Al Filreis, University of Pennsylvania:
The U.S. poet laureateship was established during eras of global hot and then cold wars. Thus it was bound to get caught up in every manner of issue and problem except, even, at times, the poetic! Can one poet’s verse be aptly deemed official? Can a multi-regional, multi-cultural immigrant nation successfully and persuasively choose a single notion of verse to represent it? Does the poet’s characteristic ambivalence toward power ever befit a nationalist honor? Amy Paeth tells the whole fascinating story for the first time here. This book is a triumph of convergent modes of literary and institutional history.
Jed Rasula, author of The American Poetry Wax Museum: Reality Effects, 1940-1990:
Why The American Poet Laureate hasn’t been written until now is perplexing, but Amy Paeth’s enterprising report makes the wait worthwhile. Her diligent archival trawl is put to vivid and informative use throughout, and bringing the story up to the present combines historical perspective with news of the day.
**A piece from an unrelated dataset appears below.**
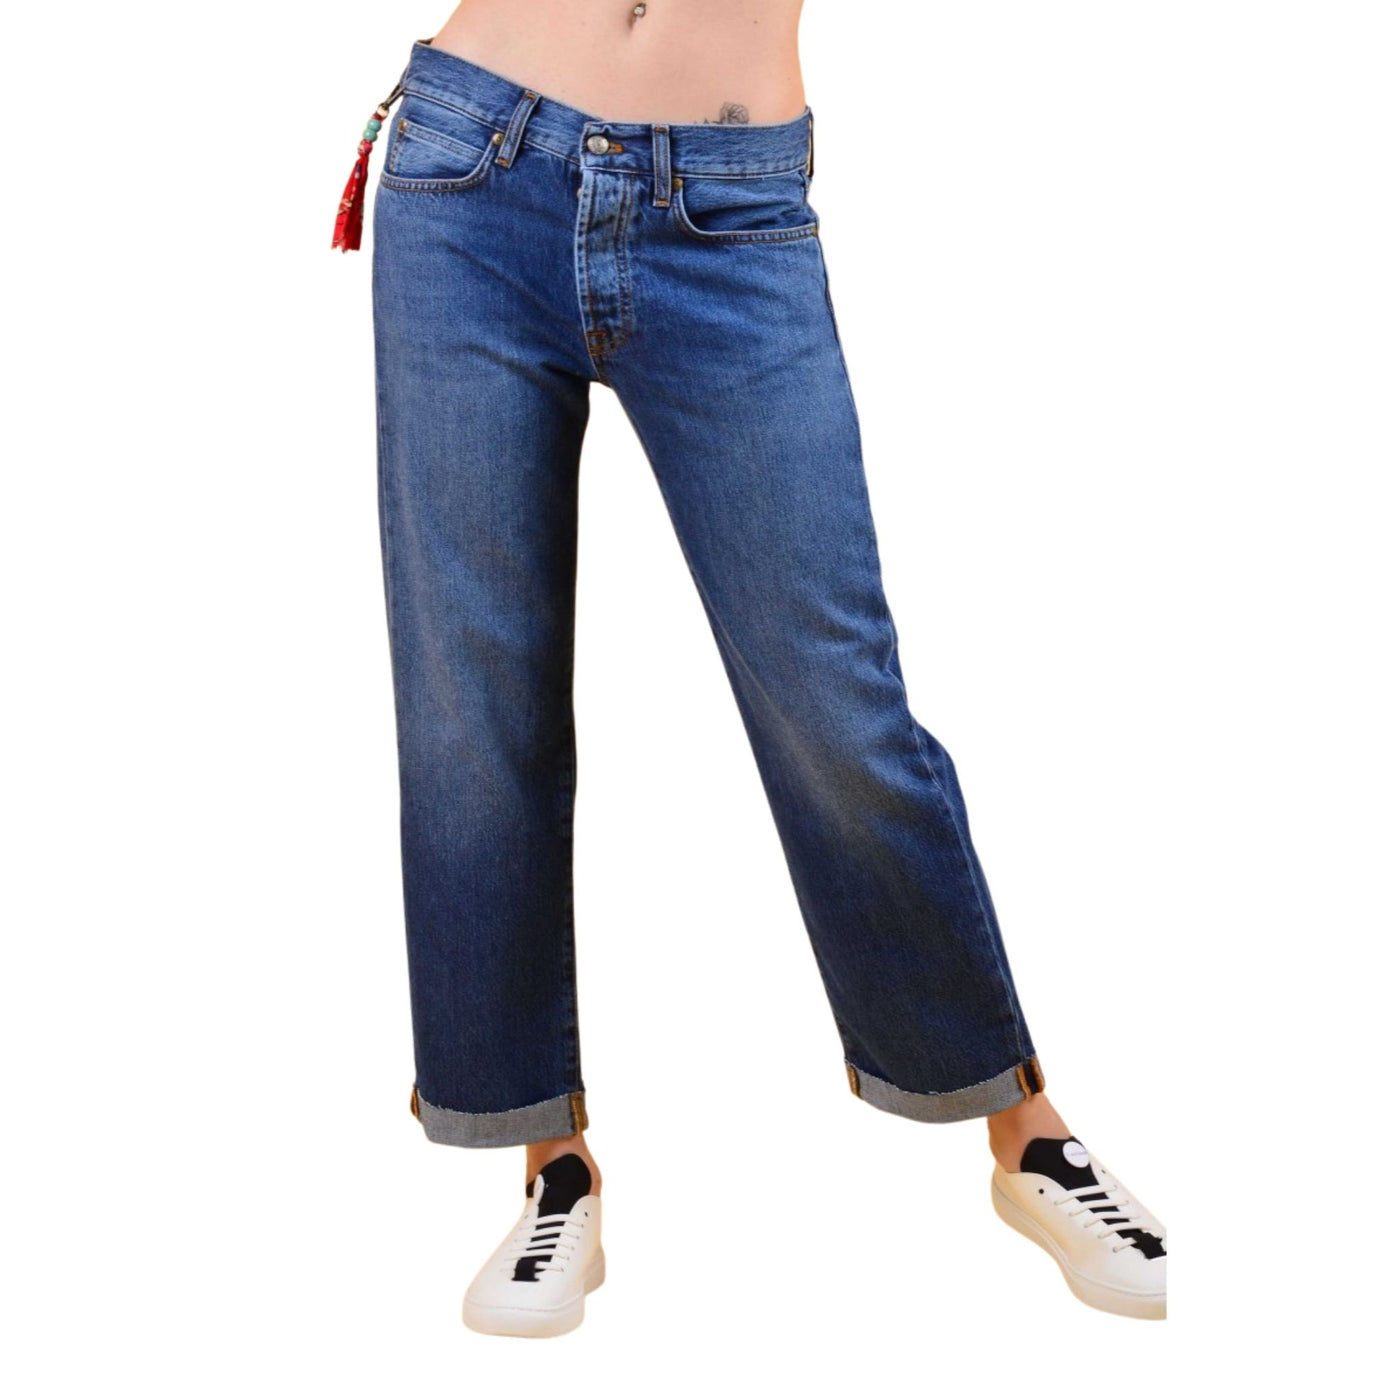 Jeans da donna firmati Roy Roger's su modella vista frontale

This is not just a book, it’s a public service, deftly revealing how “craft” is always also statecraft.
Charles Bernstein, author of Topsy-Turvy:
The American Poet Laureate is a compelling tale of intrigue, clashing nationalist politics, and the forging of what Paeth chillingly calls “state verse culture.” Starting with the amazing tale of Ezra Pound’s Bollingen Prize quickly followed by a detailed account of Robert Frost’s triumphalist inaugural poem, Paeth shows how the state’s investment in poetry often masks the ideological construction of both poetry and America.
Juliana Spahr, author of Du Bois's Telegram: Literary Resistance and State Containment:
Amy Paeth’s book is a study of why poetry is, as T. S. Eliot claimed, so stubbornly national. Focusing on poet laureates, Cold Warriors, cultural diplomats, and inaugural poets, she historicizes and complicates this relationship. It’s the best sort of literary scholarship: smart, surprising, and field-changing.